FDA-approved contraceptives include a number of drugs Colorado Christian and many scientists consider to be abortifacients – most notably Plan B (“morning after pill”) and ella (“week after pill”).

The Becket Fund for Religious Liberty represents both colleges in their separate lawsuits.

“If the Administration thought that conscience objections to this HHS mandate would be muted or isolated, Colorado Christian’s lawsuit proves otherwise,” said Hannah Smith, senior legal counsel at the Becket Fund, in a statement.

She also told The Christian Post that this case is important because CCU is the first evangelical group to file a lawsuit over the mandate. “It’s not just a Catholic issue.
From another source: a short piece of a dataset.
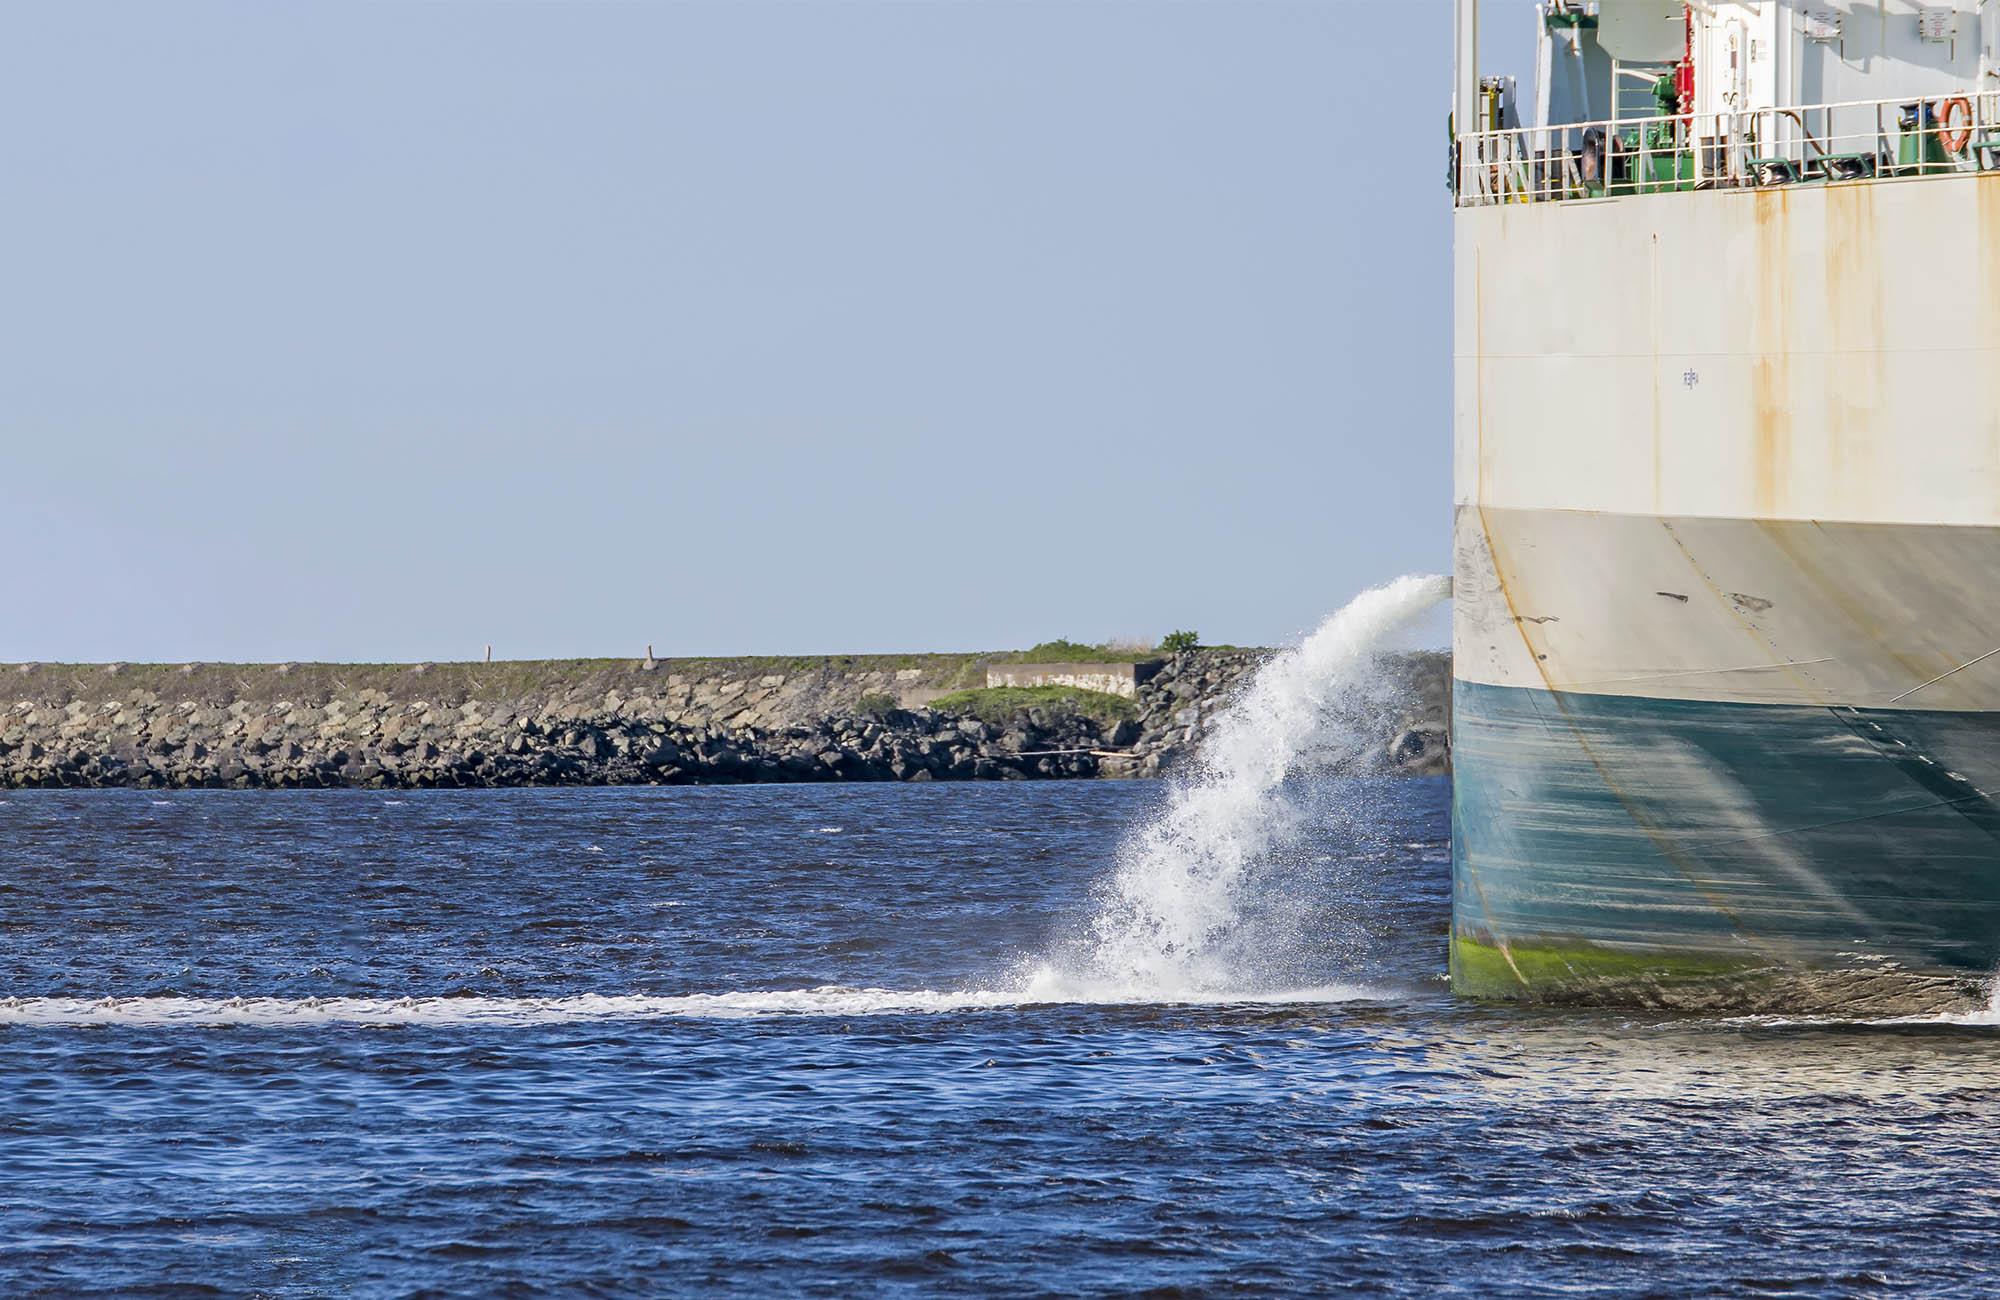 Ballast Water Regulation

It affects religious organizations across the spectrum.”

The Obamacare mandate includes a narrow religious exemption, but the exemption covers only religious groups whose purpose is "the inculcation of religious values." To qualify for the exemption, employees of a religious organization must mainly be of one faith and must primarily serve members of that faith. This would exclude religious hospitals and many relief organizations, which often operate under a broad blanket of religious denominations.

Smith told CP that CCU believes it won’t qualify for this exemption, especially because it is interdenominational. The exemption also doesn’t include student health care plans, so CCU would be required to provide contraceptives and abortifacients.

CCU President Bill Armstrong said in a statement: “This mandate forbids us from practicing what we preach. How can we train our college students to advocate for limited government and personal freedom – especially religious freedom – if we don’t fight this unparalleled attack on those very principles?”

Kathleen Sebelius, the Department of Health and Human Services secretary, announced in August that the health care mandate for preventive services would include contraceptives. Sebelius said that not covering contraceptives in insurance plans "would be like not covering flu shots."

President Barack Obama has said he is open to expanding the religious exemption of the health care law, and HHS is currently reviewing the public comments it received in the fall regarding the contraceptives rule and the exemption. The proposed rule is set to go into effect in August 2012.

Smith said she hopes the CCU case, and others like it, will get the federal government to back down. “Hopefully the Obama Administration will realize that because of these lawsuits they need to take religious rights more seriously, and need to broaden their exemptions to include religious universities and organizations.”